#### Task goal:
Return all the entries below exactly, except for the images they hold.

[Dataset entries Boundary: Start]

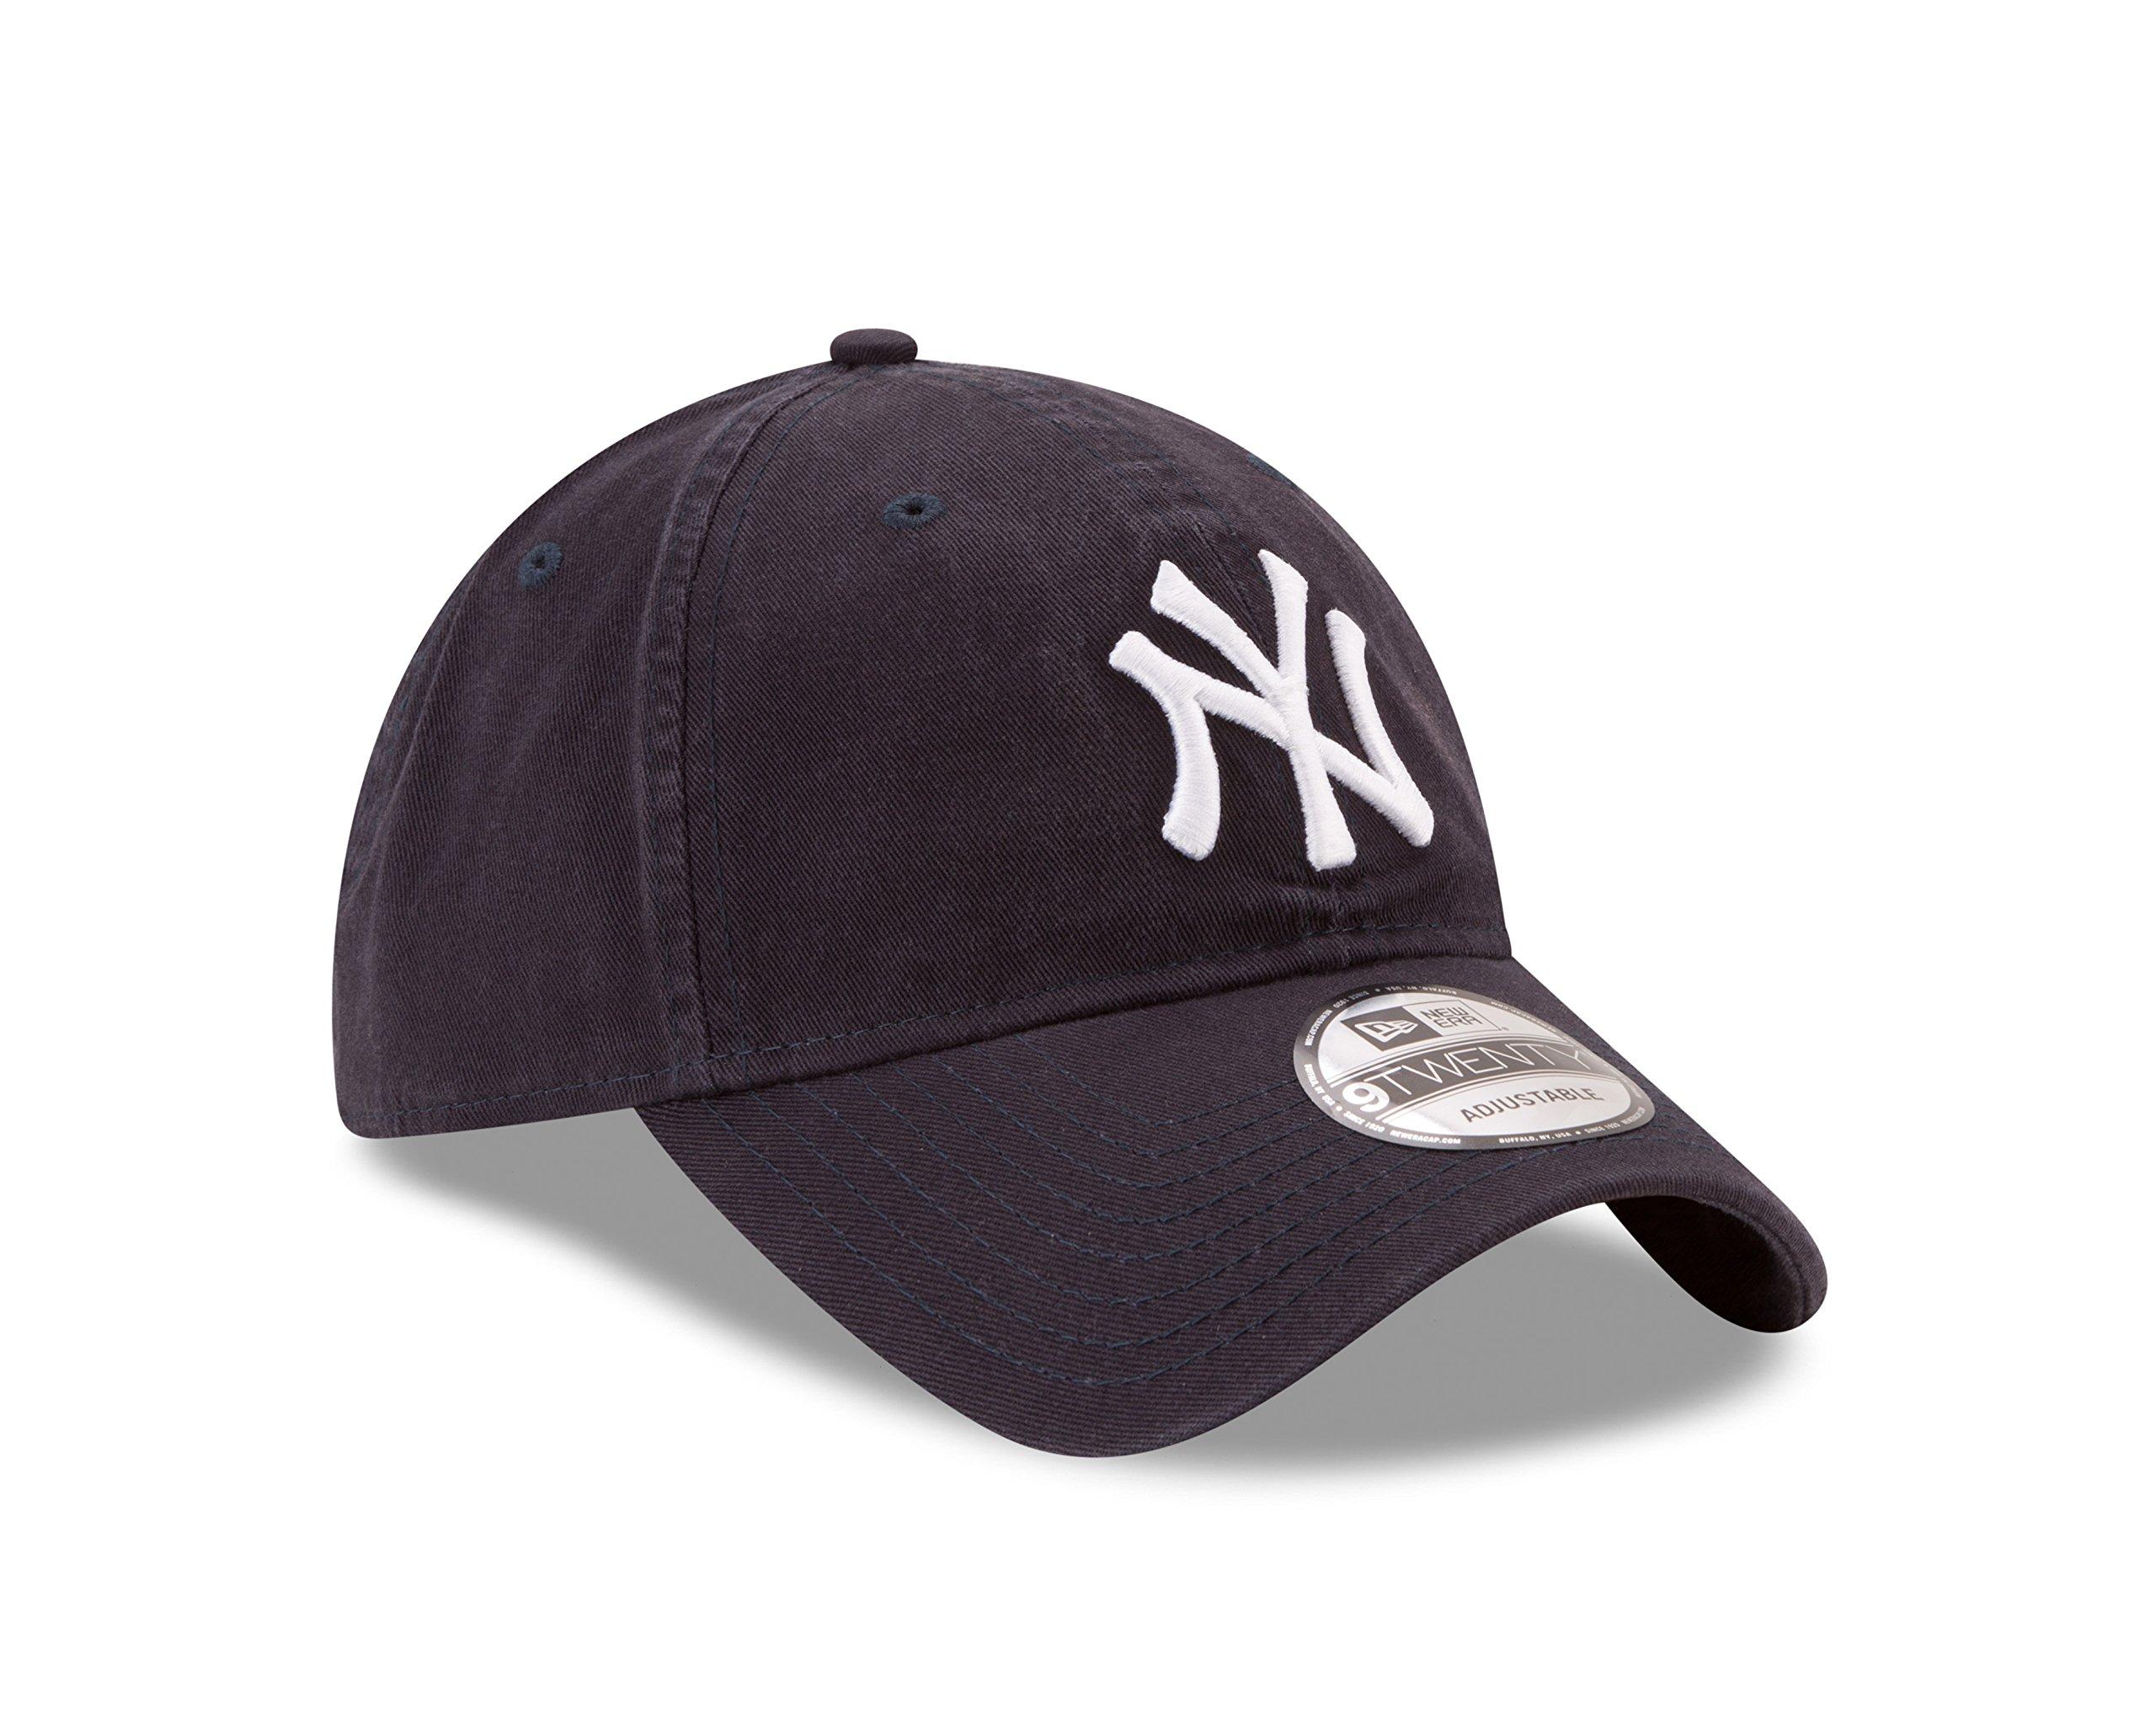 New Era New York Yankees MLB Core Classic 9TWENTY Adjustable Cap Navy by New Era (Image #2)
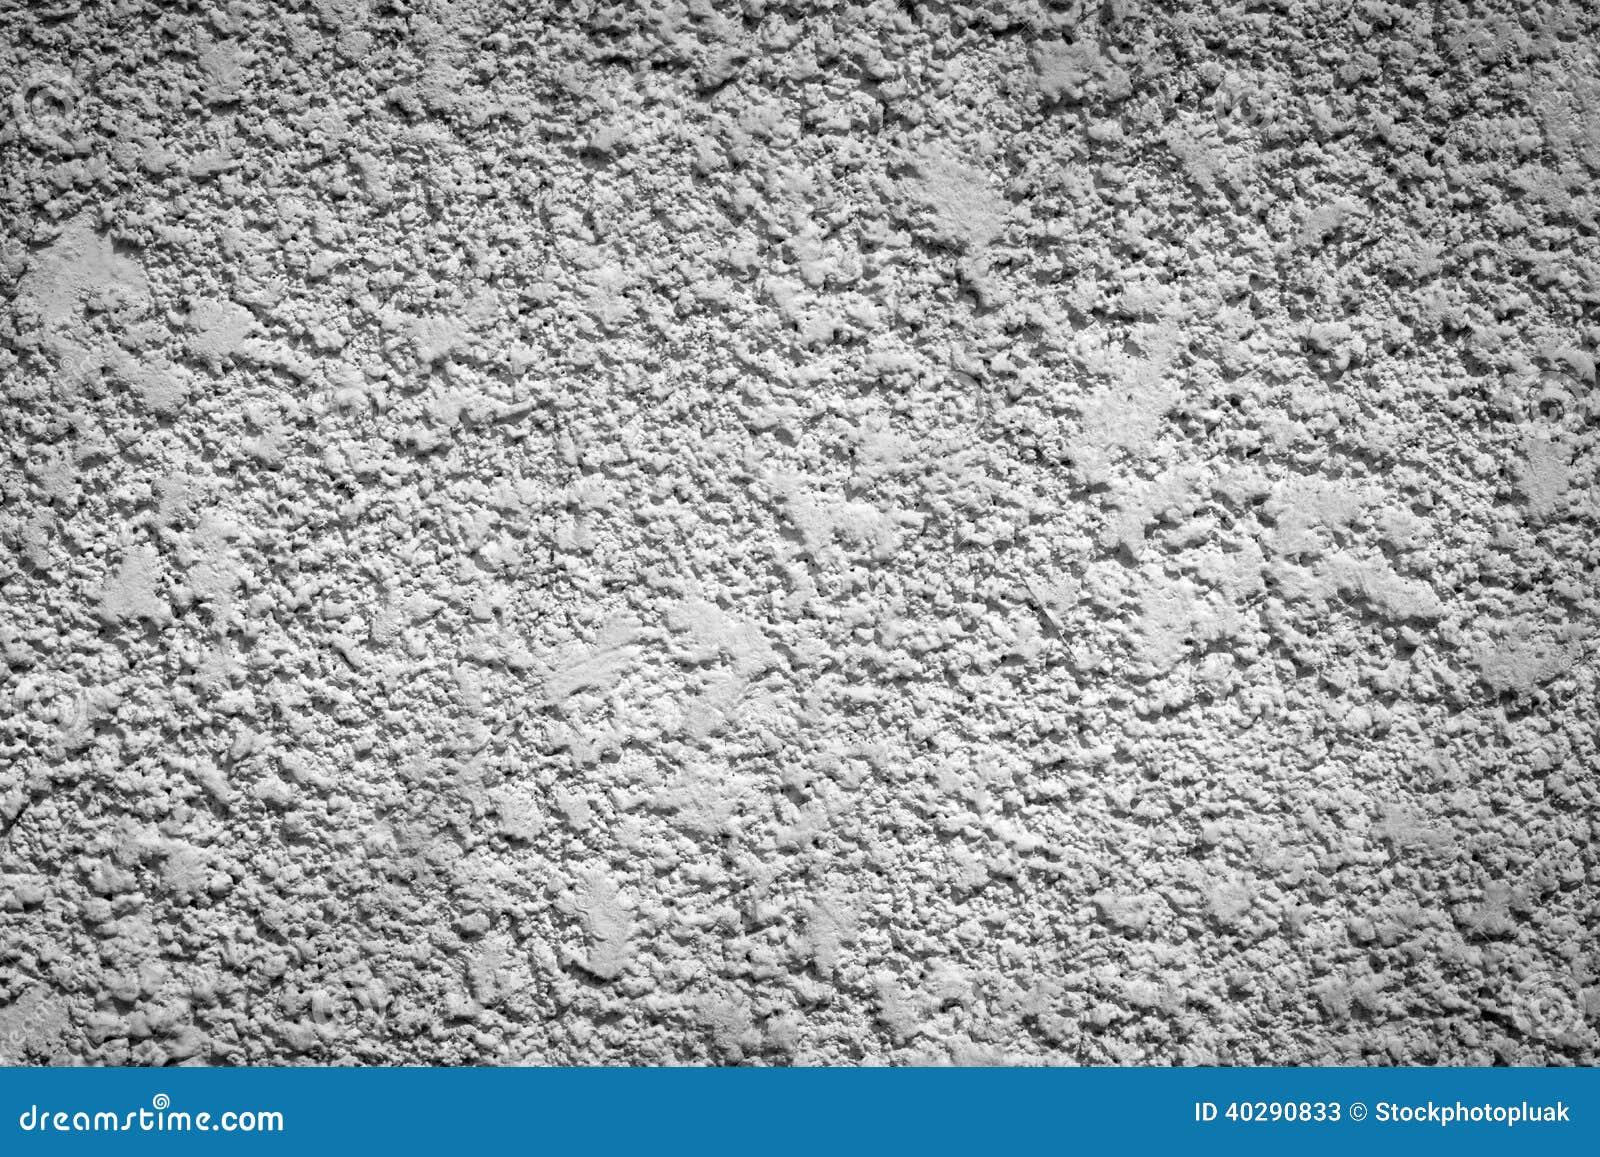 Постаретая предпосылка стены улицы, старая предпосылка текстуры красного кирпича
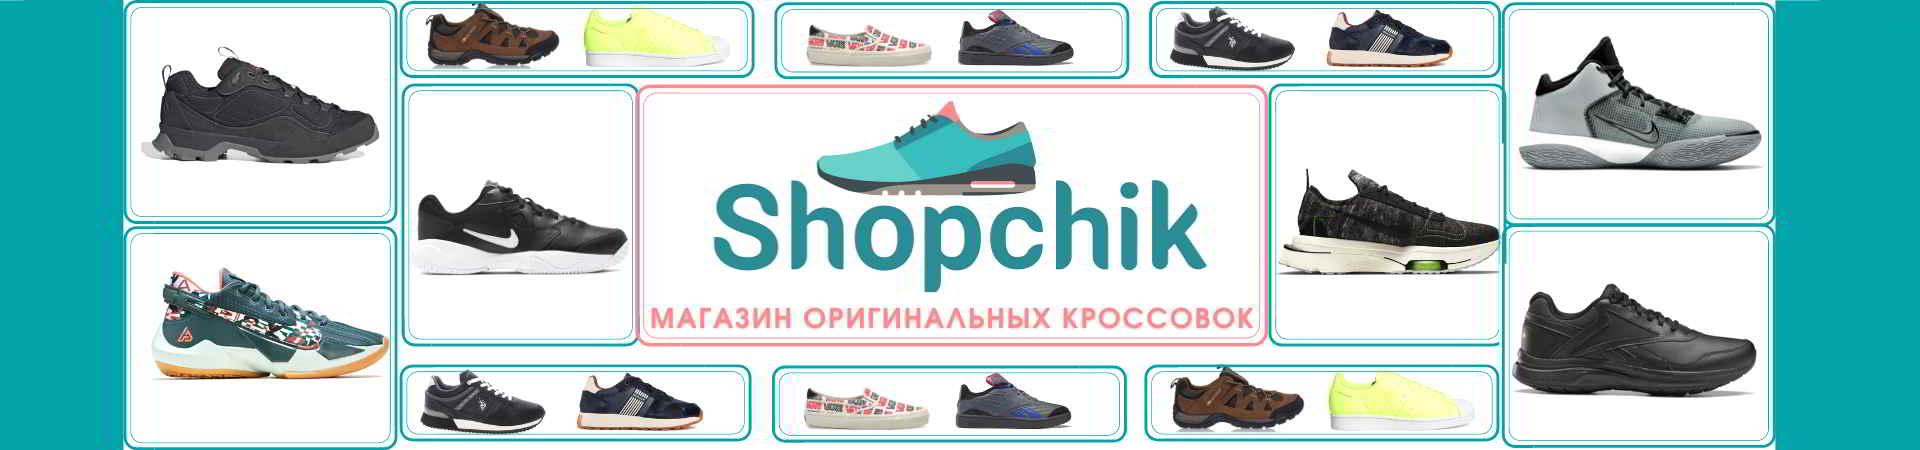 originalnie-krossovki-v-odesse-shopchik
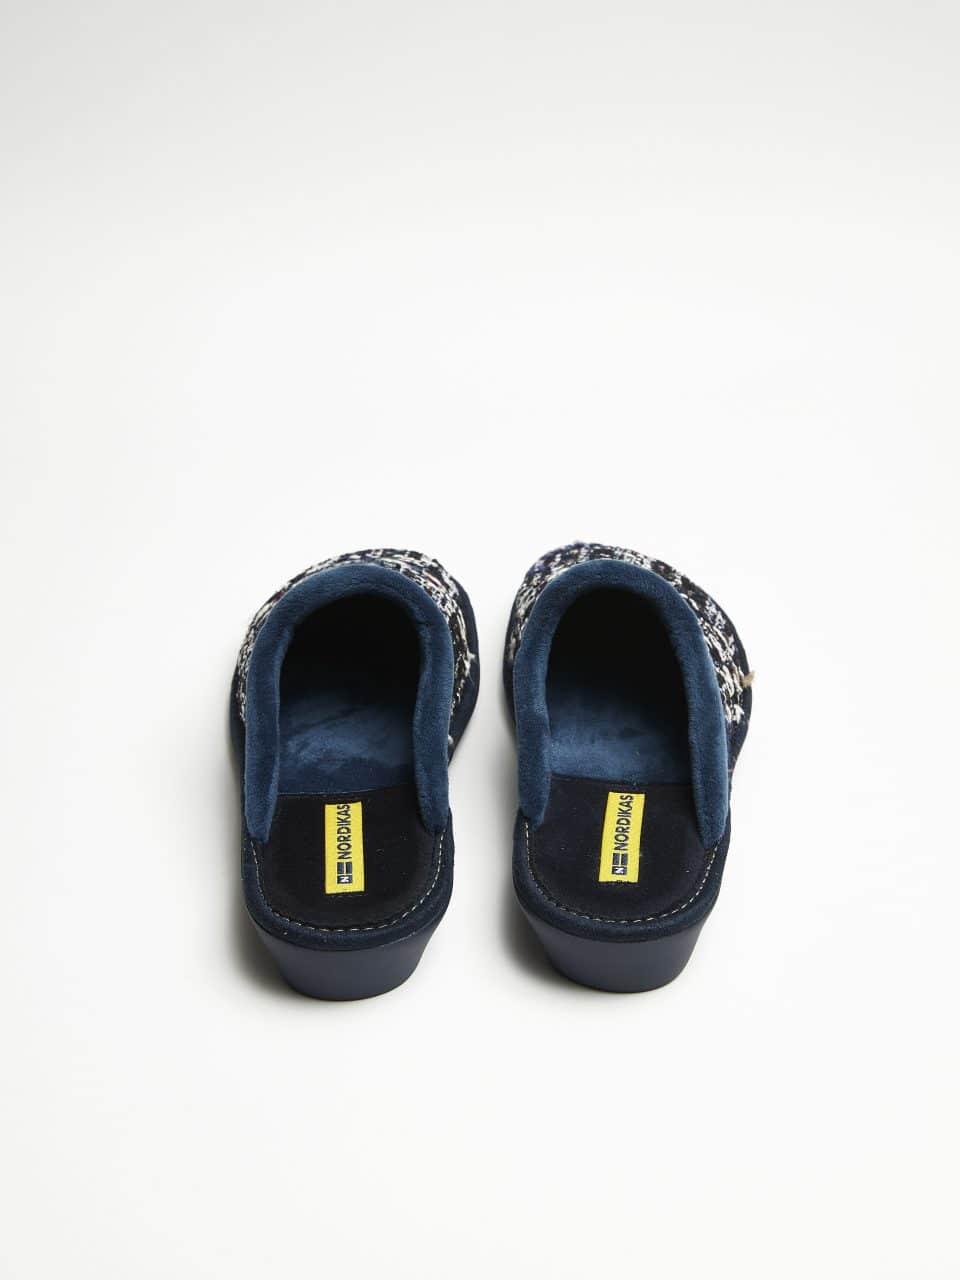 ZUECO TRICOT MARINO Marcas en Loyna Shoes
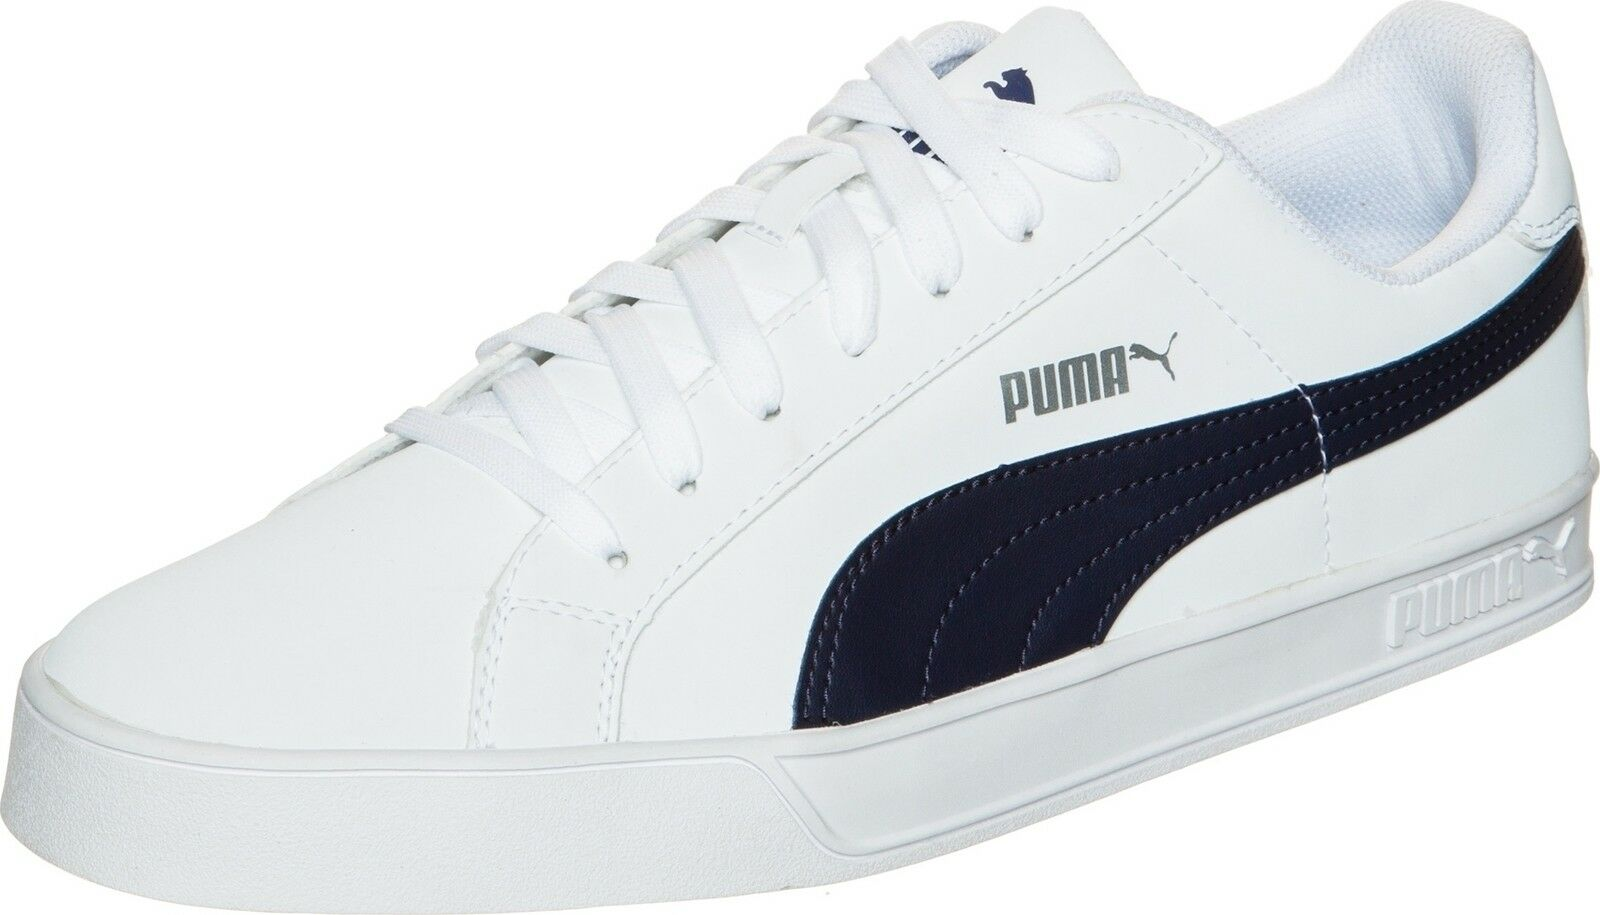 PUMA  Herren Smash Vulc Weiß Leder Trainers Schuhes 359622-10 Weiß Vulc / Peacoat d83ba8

[Dataset entries Boundary: End]

#### Answer below:
 New Era New York Yankees MLB Core Classic 9TWENTY Adjustable Cap Navy by New Era (Image #2)
 Постаретая предпосылка стены улицы, старая предпосылка текстуры красного кирпича
 originalnie-krossovki-v-odesse-shopchik
 ZUECO TRICOT MARINO Marcas en Loyna Shoes
 PUMA  Herren Smash Vulc Weiß Leder Trainers Schuhes 359622-10 Weiß Vulc / Peacoat d83ba8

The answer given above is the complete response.